The historical record is clear. Henry Ford was the world's first systematic
lean thinker. His mind naturally focused on the value creation process
rather than assets or organizations. And he was the first to see in his
mind's eye the flow of value from start to finish, from concept to launch
and from raw material to customer. In addition, Ford was history's most
ferocious enemy of waste. (Except, possibly, Taiichi Ohno at Toyota who
claimed that he learned what to do from reading Henry Ford's books.) Ford
relentlessly emphasized the need to analyze every step in every process
to see if it created value before finding a way to do it better. Otherwise
the step should be eliminated. (This was Ford's greatest criticism of
Fredrick Taylor and Scientific Management. Why, asked Ford, was Taylor
obsessed with getting people to work harder and more efficiently to do
things that actually didn't need to be done if the work was organized
in the right sequence and location?) Then, when the wasteful steps had
been eliminated, it was time to put the rest in continuous flow. Equally
remarkable, Ford had designed his Model T in only three months in one
large room with a small group of engineers under his direct oversight.

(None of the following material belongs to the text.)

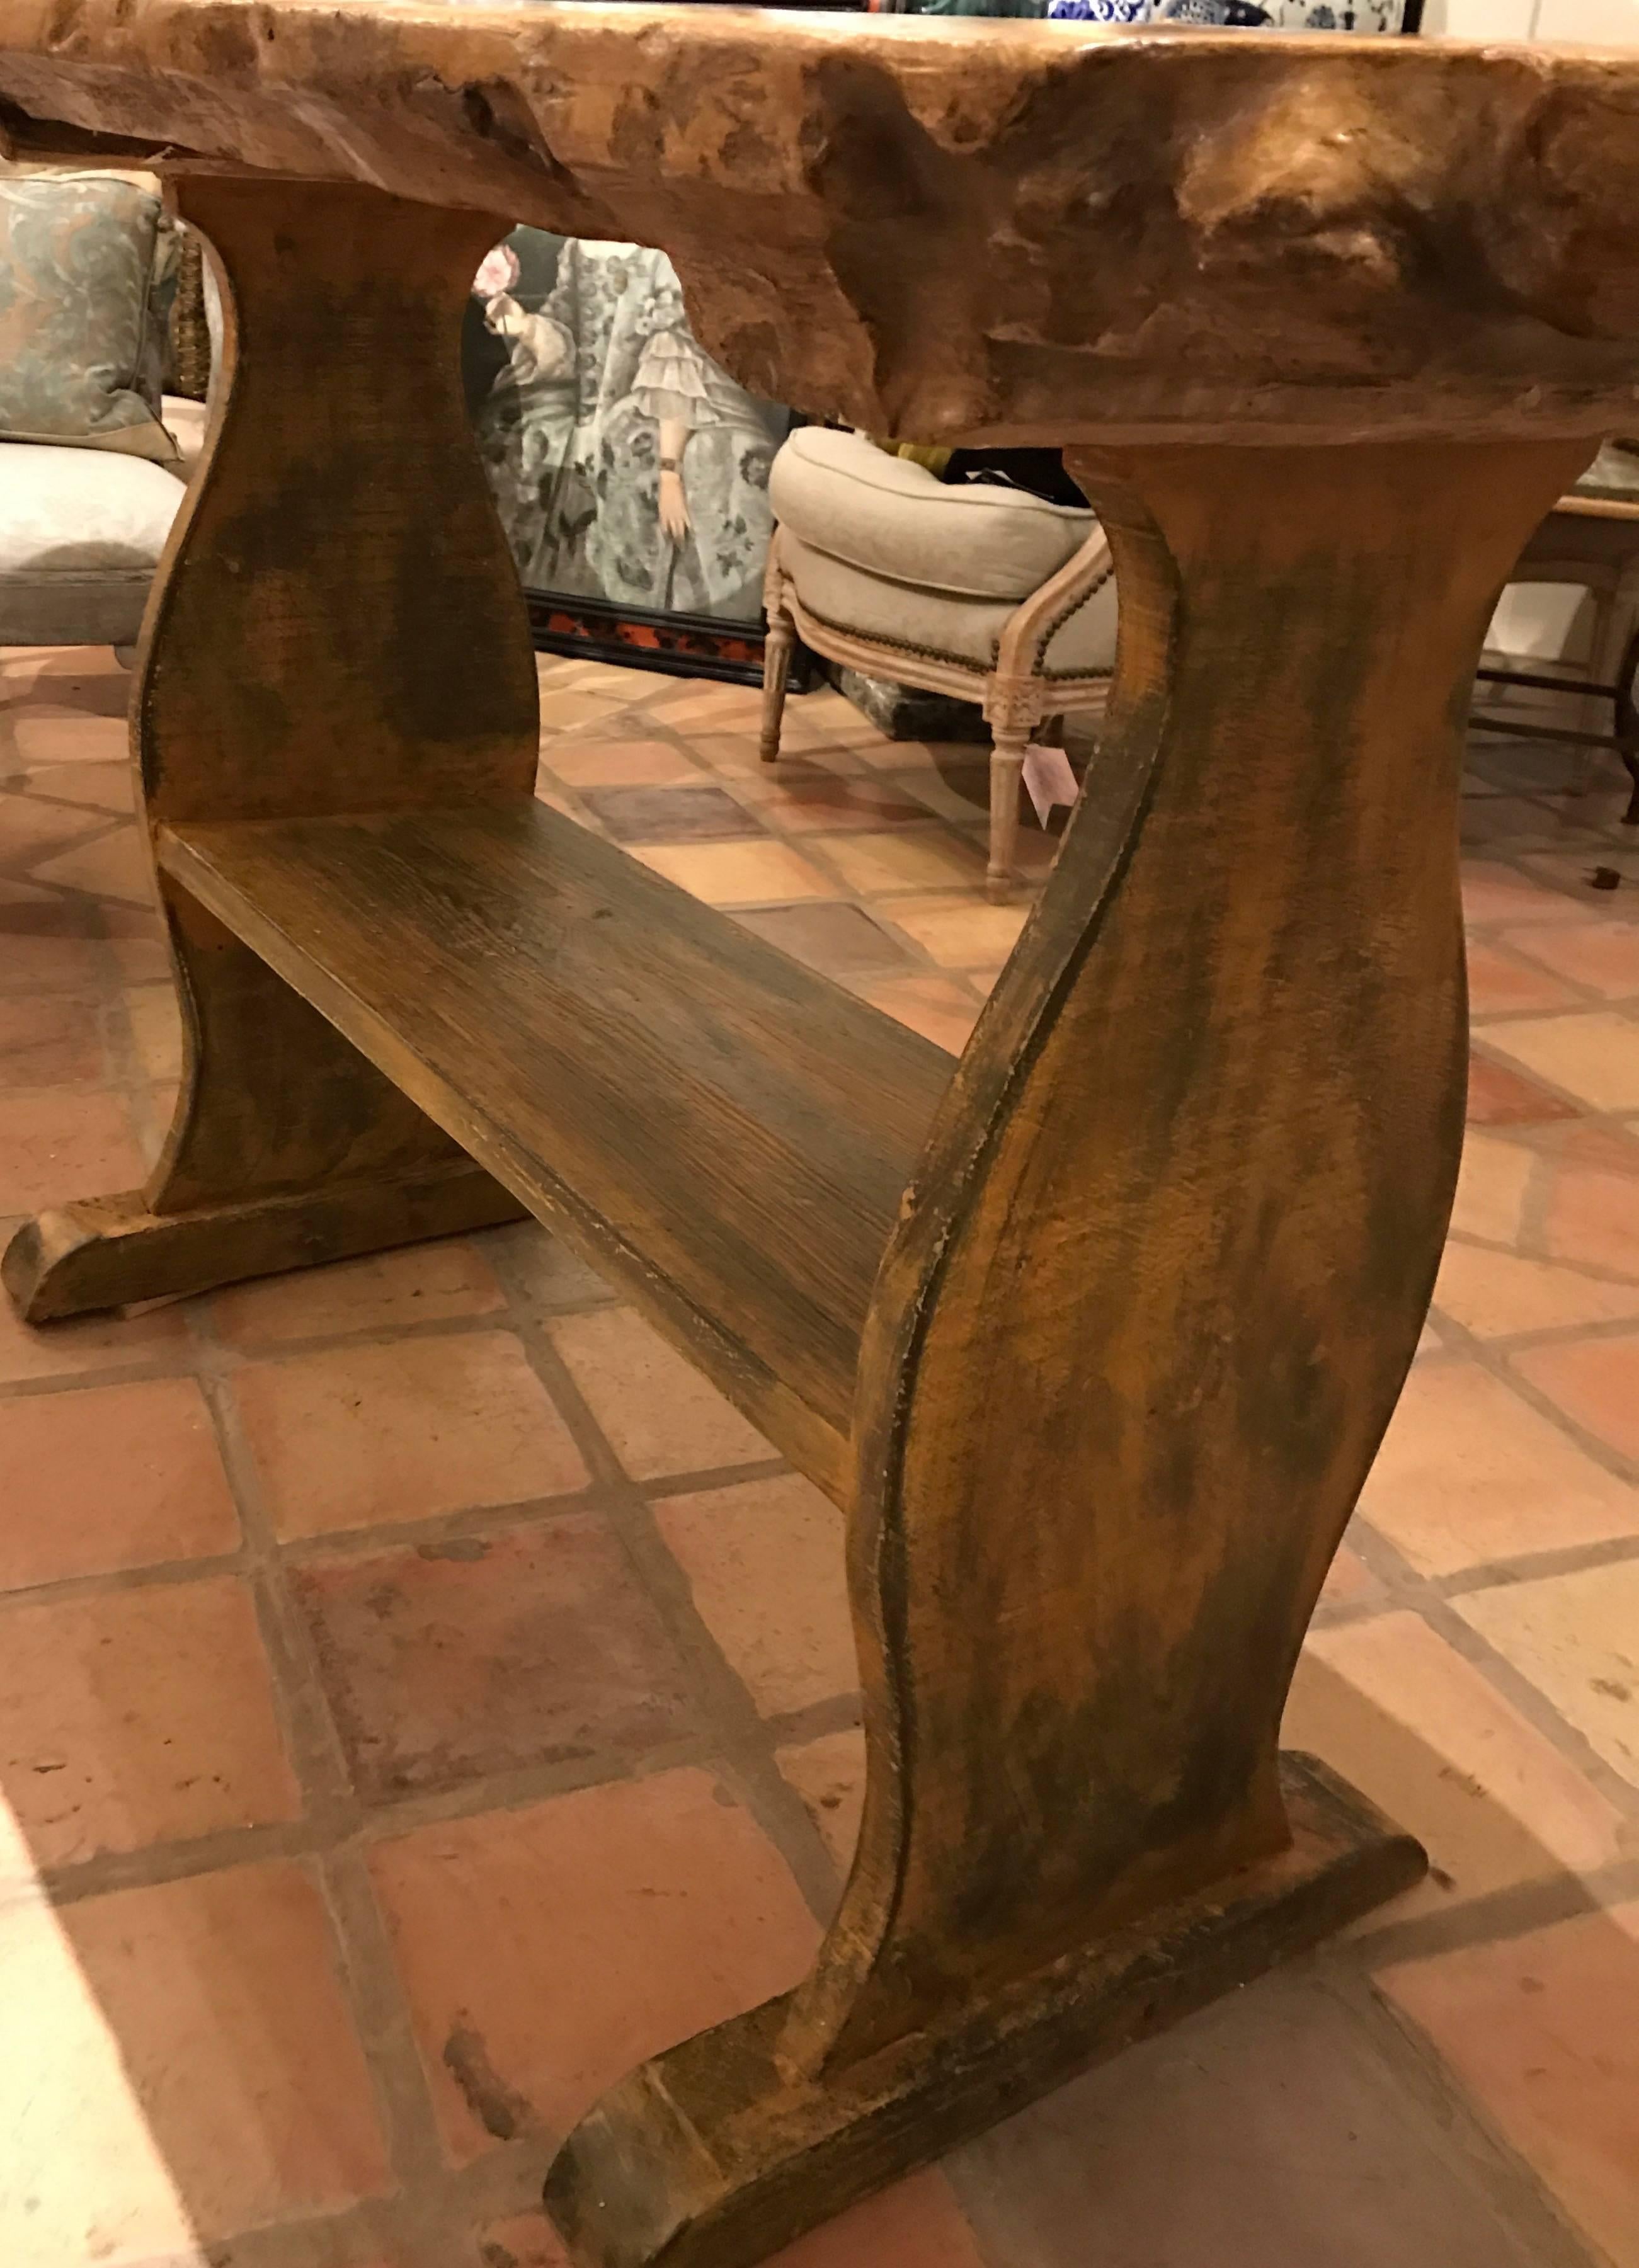 Early 19th century rustic “Basque” oval trestle table or console. Top made of a single very thick highly figured piece of burled ash with a wonderful color and rich patination. The simple trestle base with shelf made of pine retaining an old painted

This surely was a high point in lean practice for decades to come. Then
it gradually fell apart. Ford's span of management control at Highland
Park had been remarkably broad because he could easily take a walk to
see the condition of every process, in design, assembly, and fabrication.
And he could train a cohort of managers to see what he was seeing and
remove more waste. No abstract measures of performance were needed. In
any case, the system came crashing down in the 1930s as Ford tried to
produce multiple products with multiple options in wildly gyrating markets.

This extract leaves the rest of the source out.